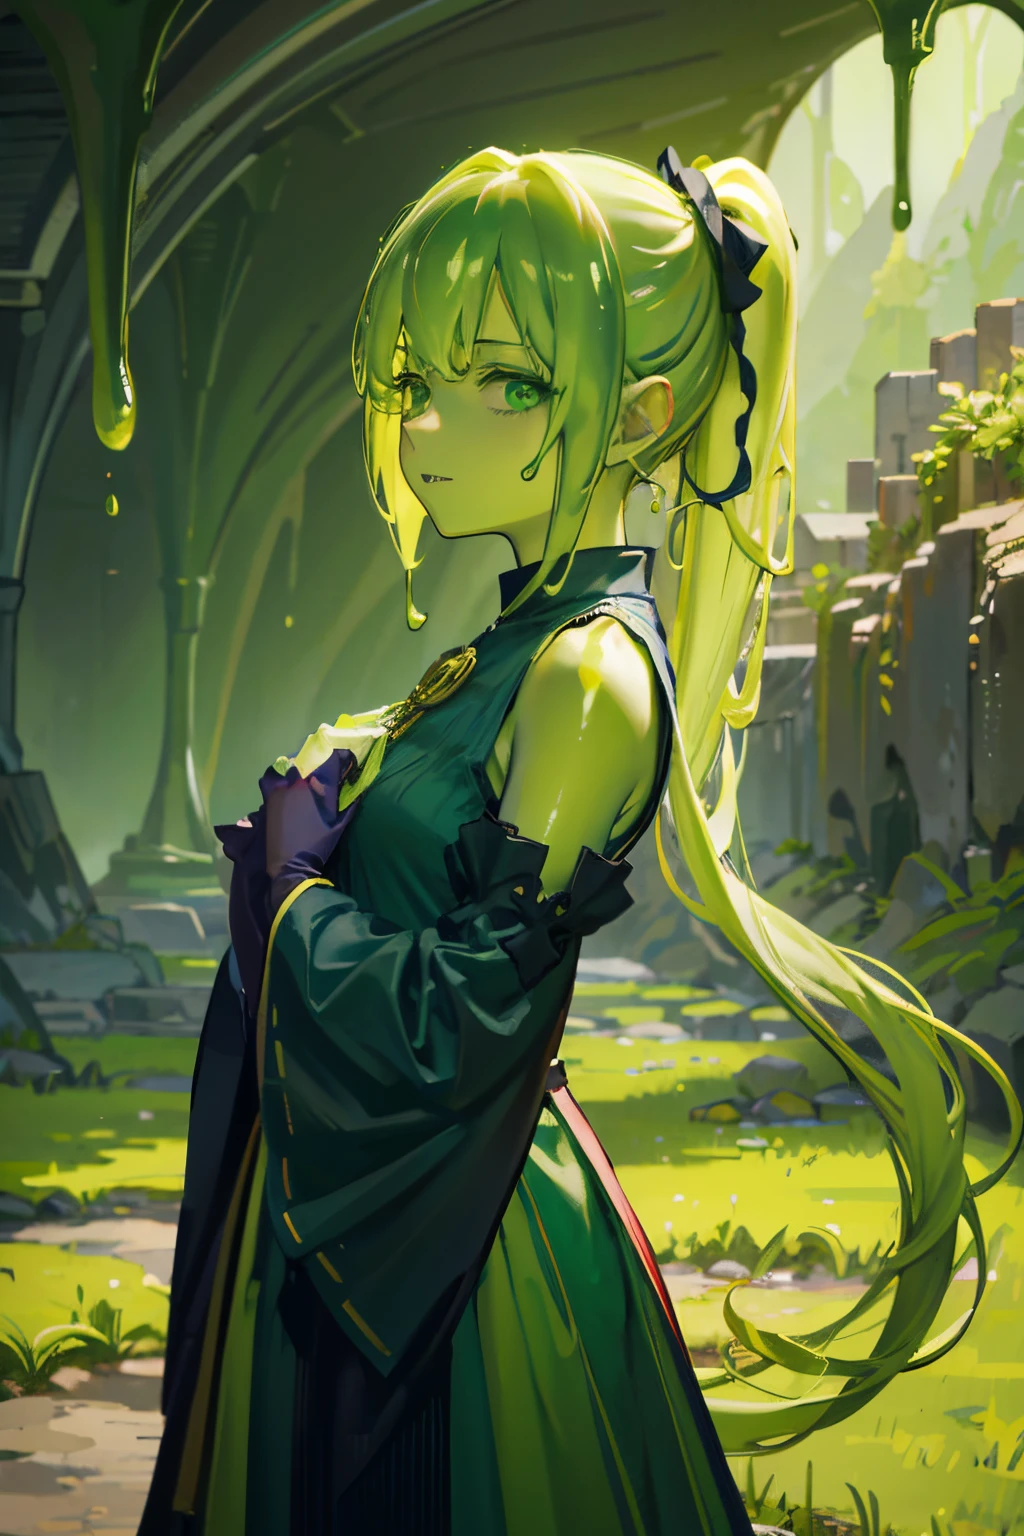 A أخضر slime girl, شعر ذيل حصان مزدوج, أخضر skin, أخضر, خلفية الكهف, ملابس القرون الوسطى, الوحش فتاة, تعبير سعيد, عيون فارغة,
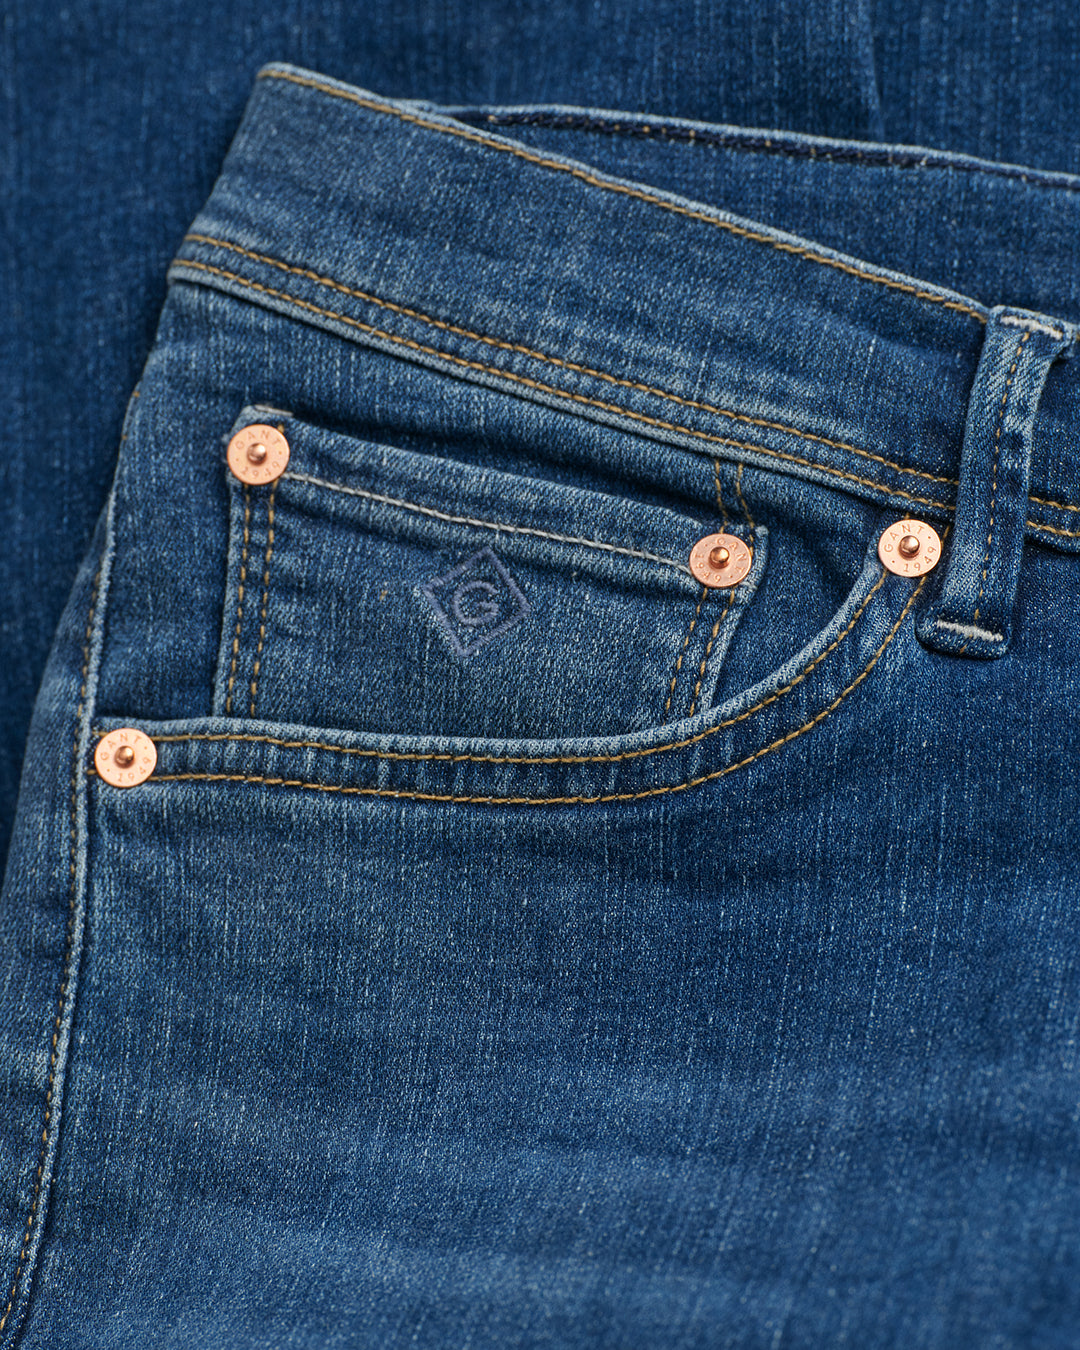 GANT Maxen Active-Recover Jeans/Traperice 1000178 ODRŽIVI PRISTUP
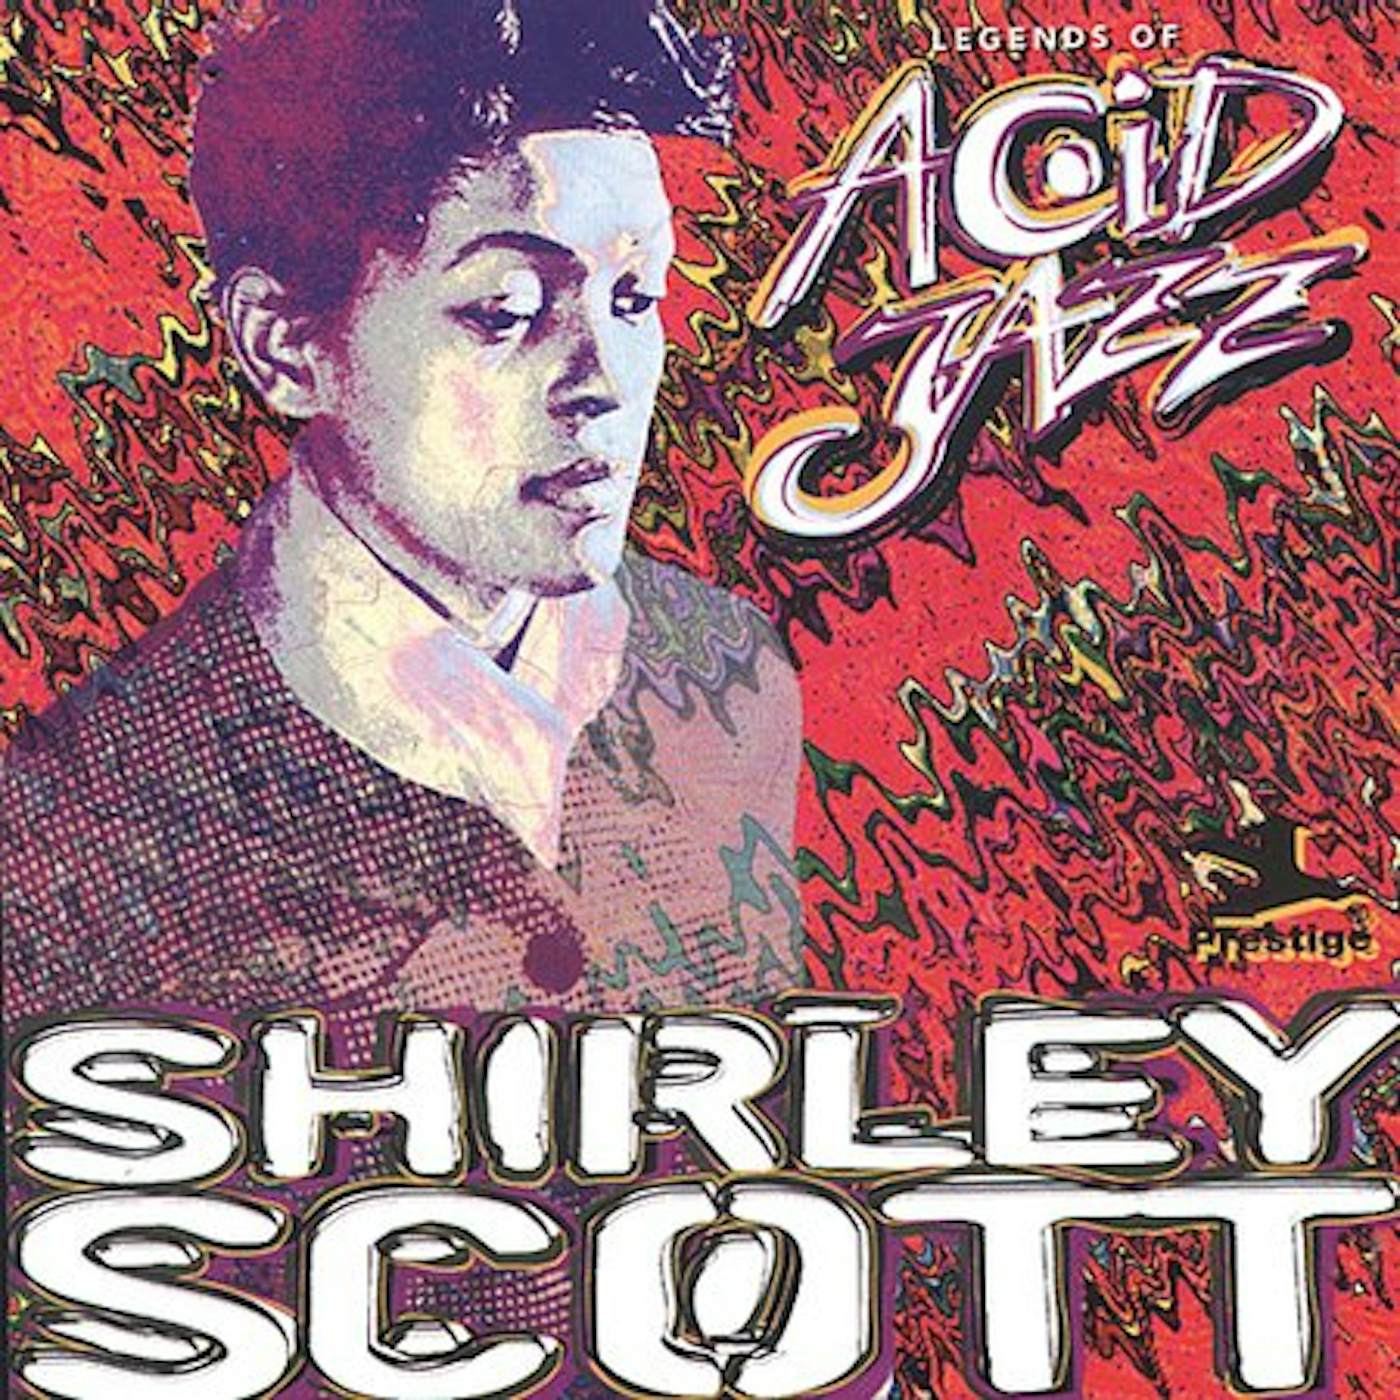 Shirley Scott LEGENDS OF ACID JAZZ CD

» PROBLEM REQUIREMENTS
Write the lines out word for word, starting at the one with "GANT Maxen Active-Recover" and stopping after the last line of the material above, with pictures excluded.

» THE ANSWER
 GANT Maxen Active-Recover Jeans/Traperice 1000178 ODRŽIVI PRISTUP
 Shirley Scott LEGENDS OF ACID JAZZ CD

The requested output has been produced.